None of this is written out of spite or in anger but merely for comparison purposes. Mayo's All-Ireland final media event, as I was reliably informed by our chief sports writer Keith Duggan, ran along similar lines, the manager saying his bit, before two players – defender Donal Vaughan and substitute Stephen Coen – were presented for us so-called dailies. And I could tell Keith was a bit embarrassed about that too, because he has to write the proper stuff.

This is not helped by the fact we are both not long back from the Olympics in Rio, which provided the access to all athletes normally reserved for dreams.

Indeed on the eve of the Games, Keith went along to a media event with the USA men's basketball team: he's no fan with a typewriter, but he came out of there as if he was still dreaming. For more than 40 minutes, players such as Kevin Durant, Carmelo Anthony, Kyrie Irving, Jimmy Butler and Harrison Barnes, took up lone seats around a huge auditorium and happily spoke to whoever came their way, providing the sort of player access which would instantly turn any intercounty GAA manager pale.

Of course, these are all highly paid professionals (coach Mike Krzyzewski also earns $10 million a year as head coach at Duke University), and the only real storyline was how on Earth they could leave Rio without winning the gold medal.

The point is that USA basketball is aware of the global explosion of the sport’s popularity through TV rights, etc, and the players themselves are equally conscious of their role in the marketing of all that.

Indeed, the Olympic TV rights are sold on that basis, which is why I got continuous and instant access to the likes of Usain Bolt, Mo Farah and Caster Semenya after every one of their races, and there were lots of more interesting storylines going on around them.

Where might Michael Conlan’s thoughts have gone if there hadn’t been instant access to them?
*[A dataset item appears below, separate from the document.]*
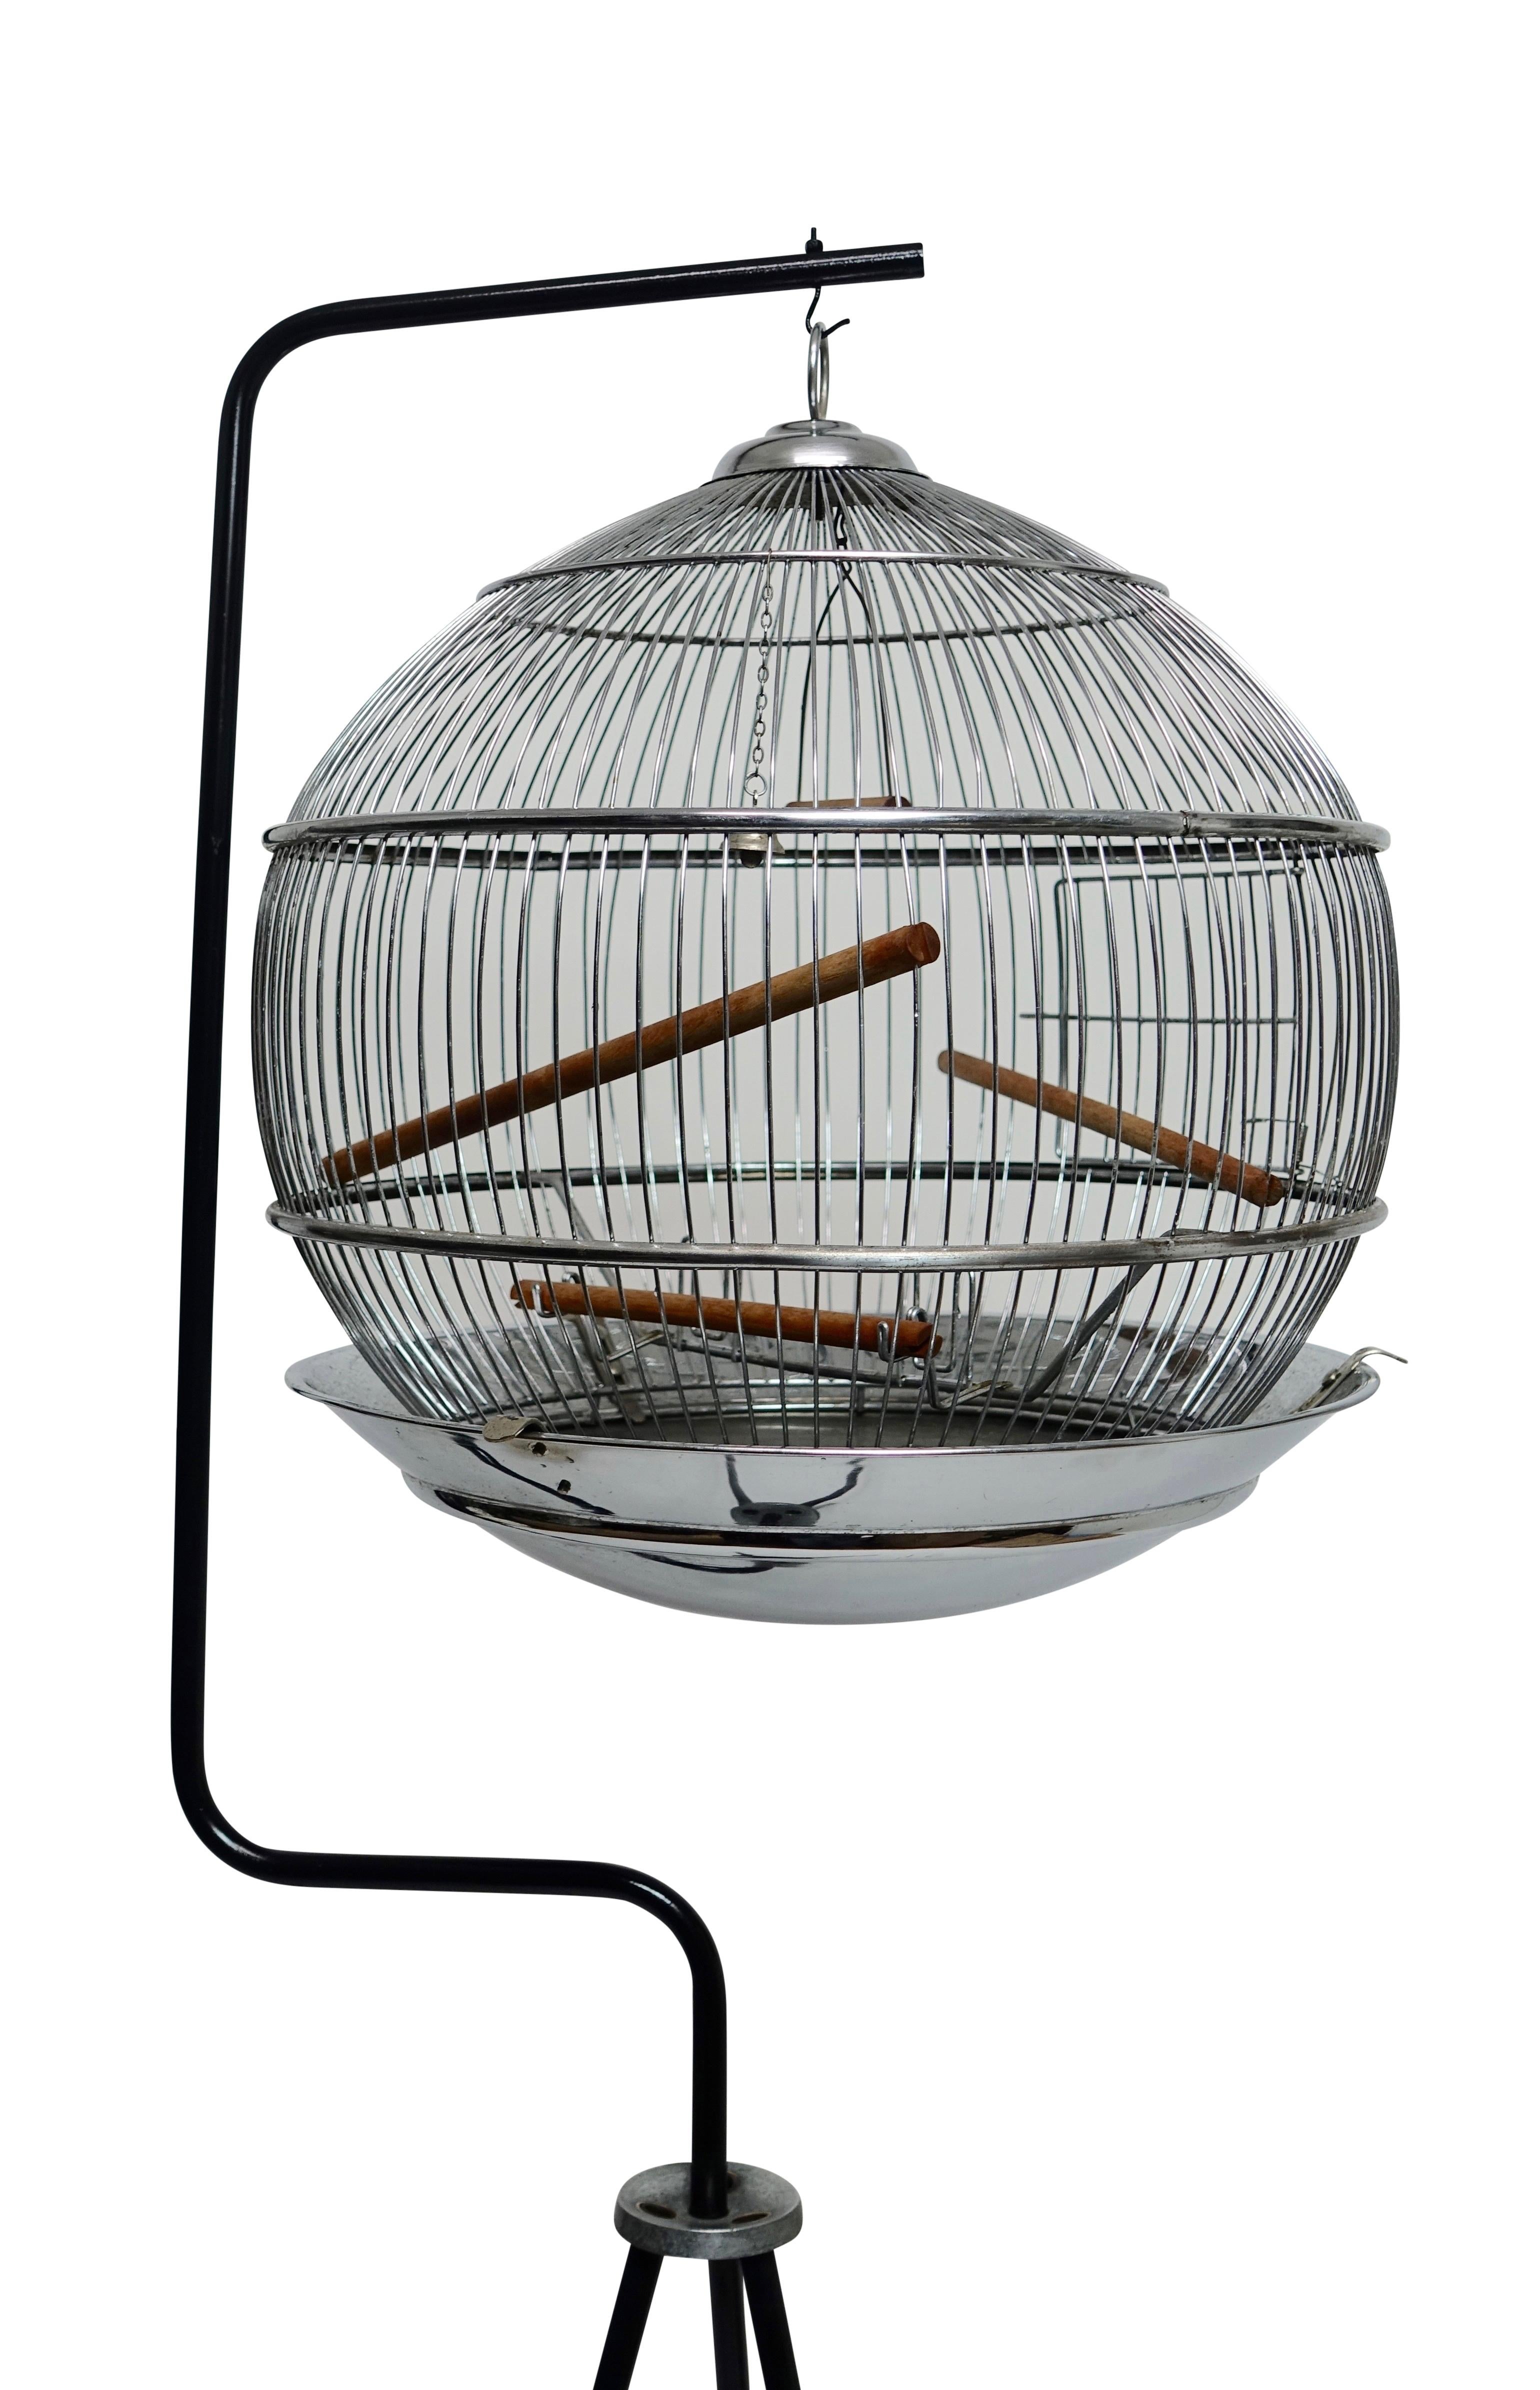 Sweet ball shape chrome birdcage suspended on an iron tripod base, American, circa 1950.
Measures: Bird cage height - 20 inches x diameter-15.5 inches.

As an amateur organisation, the GAA may feel a justifiable aversion to any such professional comparisons, even if players and managers are constantly making that comparison for themselves – and rightly so, given the eating and drinking and sleeping of football and hurling. The truth is none of the performances in Croke Park in recent weeks would have felt out of place inside the Olympic Stadium.

Of course, most of them also have families and jobs to return home to, but there is still the sense the GAA might be missing a trick here. There is no reason why it couldn’t “reimburse” players for a proper All-Ireland media event in Croke Park, just as it does for every other commercial or corporate activity during the year. That way, player access would reach a level in keeping with the event’s magnitude. Dublin may not be the All Blacks and this may not be the Super Bowl or AFL Grand Final, but why not treat it that way?

It shouldn’t just be before big games either: after last Sunday’s hurling final, which apparently left some grown men with tears running down their faces, we were presented with one player from champions Tipperary (Séamus Callanan) and none from Kilkenny. (There was also that bloody curse from John ‘Bubbles’ O’Dwyer, live on TV straight afterwards, only he’s hardly to blame for that, given he had been gagged for the entire year.)

Some people probably think newspaper print is past its sell-by date anyway, that they don’t even wrap up fish and chips in it any more. Or maybe, as GAA president Aogán Ó Fearghaíl, put it this week, “there is no automatic right for everybody to see every game”, and that the GAA’s own media rights intend to keep it that way.

That actually meant more than half the games involving Mayo this summer could only be seen by people who've paid up in full for Sky Sports, and God knows how the players must feel about that.